如何删除不必要的<；部门>；在提取文本时使用python 我正在做动态的从网页中提取文本的工作，但是我从下面的div或页面的下部（比如ASP.NET的jjQuery Ajax）、JSP Servlet、Log4J、iBiTs、Hibernate、JDBC、Struts、HTML5、SQL、mysql、C++、UNIX中得到了支持。版权所有©2014，由TutorialPoint提供。保留所有权利,python,Python,我正在提取“”所需的相关文本，问题是它还提取了位于底部的文本，或者我上面所表达的其他方式。我试着使用数组，这样我就可以跳过所有这些东西。我成功地摆脱了其他链接，但在这里失败了。我的代码： import urllib from bs4 import BeautifulSoup url = "http://www.tutorialspoint.com/cplusplus/index.htm" html = urllib.urlopen(url).read() soup = BeautifulSou

我正在提取“”所需的相关文本，问题是它还提取了位于底部的文本，或者我上面所表达的其他方式。我试着使用数组，这样我就可以跳过所有这些东西。我成功地摆脱了其他链接，但在这里失败了。

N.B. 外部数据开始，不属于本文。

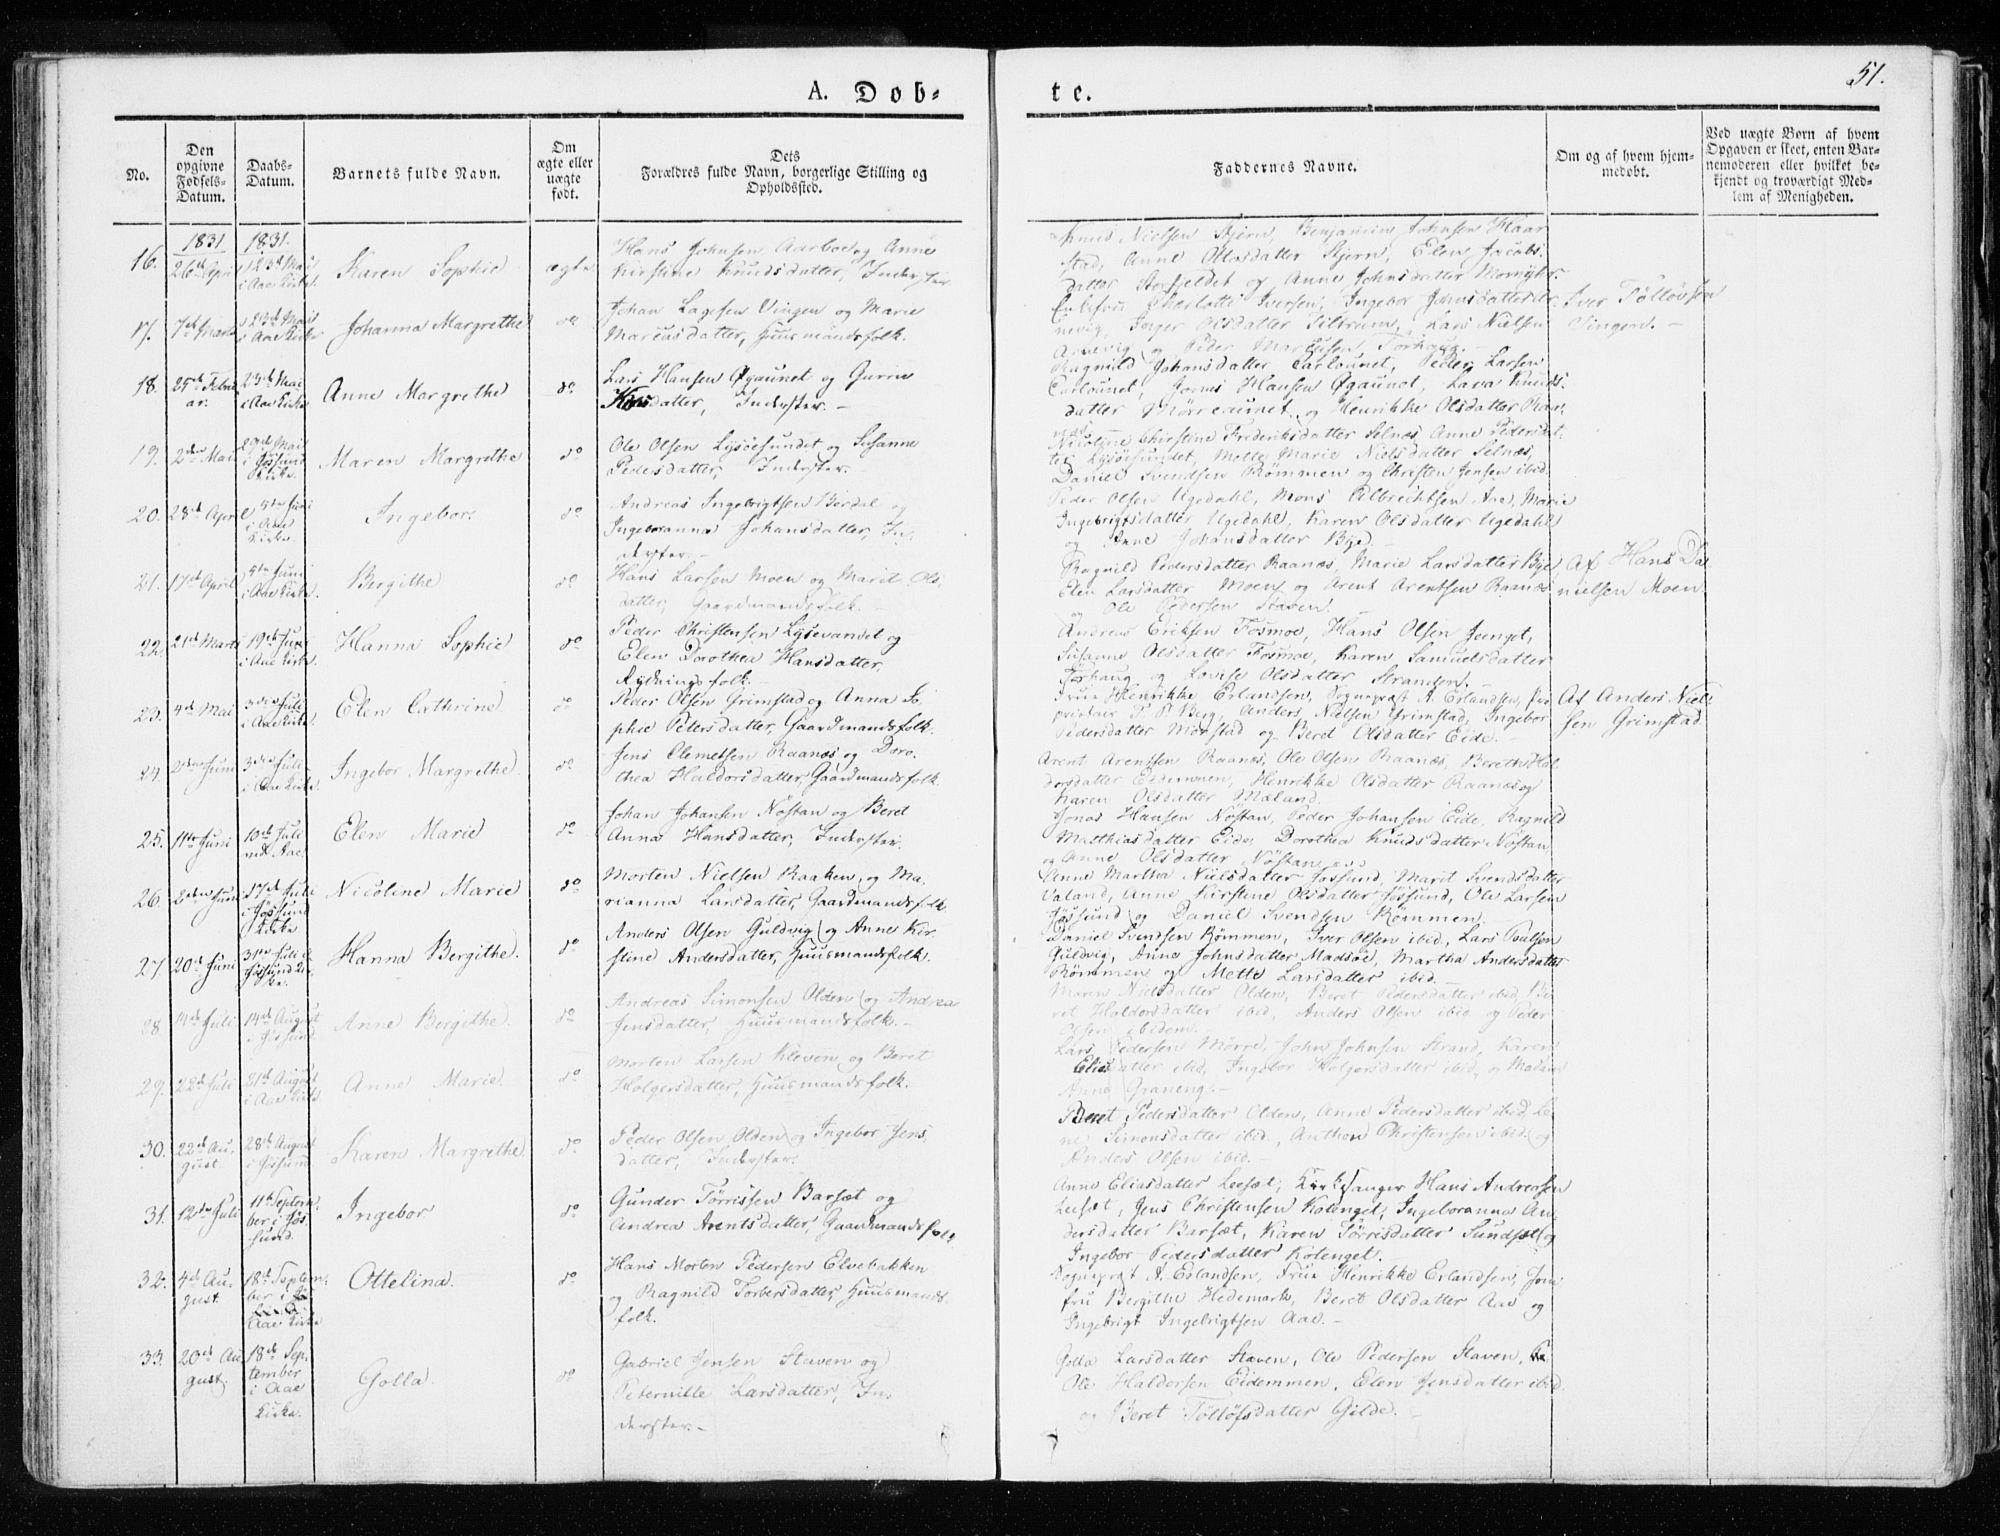 SAT, Ministerialprotokoller, klokkerbøker og fødselsregistre - Sør-Trøndelag, 655/L0676: Ministerialbok nr. 655A05, 1830-1847, s. 51

我的代码：

import urllib
from bs4 import BeautifulSoup

url = "http://www.tutorialspoint.com/cplusplus/index.htm"
html = urllib.urlopen(url).read()
soup = BeautifulSoup(html)

# kill all script and style elements
for script in soup(["script", "style","a","<div id="bottom" ">): # "<div id="bottom" is it correct?? or whats the correct way?
    script.extract()    # rip it out

# get text
text = soup.get_text()

# break into lines and remove leading and trailing space on each
lines = (line.strip() for line in text.splitlines())
# break multi-headlines into a line each
chunks = (phrase.strip() for line in lines for phrase in line.split("  "))
# drop blank lines
text = '\n'.join(chunk for chunk in chunks if chunk)

print text

导入urllib
从bs4导入BeautifulSoup
url=”http://www.tutorialspoint.com/cplusplus/index.htm"
html=urllib.urlopen（url.read（））
soup=BeautifulSoup（html）
#杀死所有脚本和样式元素
对于汤中的脚本（[“脚本”、“样式”、“a”和“我不确定我是否正确理解了您的问题，但如果问题是这一行：
for script in soup(["script", "style","a","<div id="bottom" ">):

对于汤中的脚本（[“脚本”、“样式”、“a”和“我认为，应该可以帮助您：
text = soup.select('.content')[0].get_text()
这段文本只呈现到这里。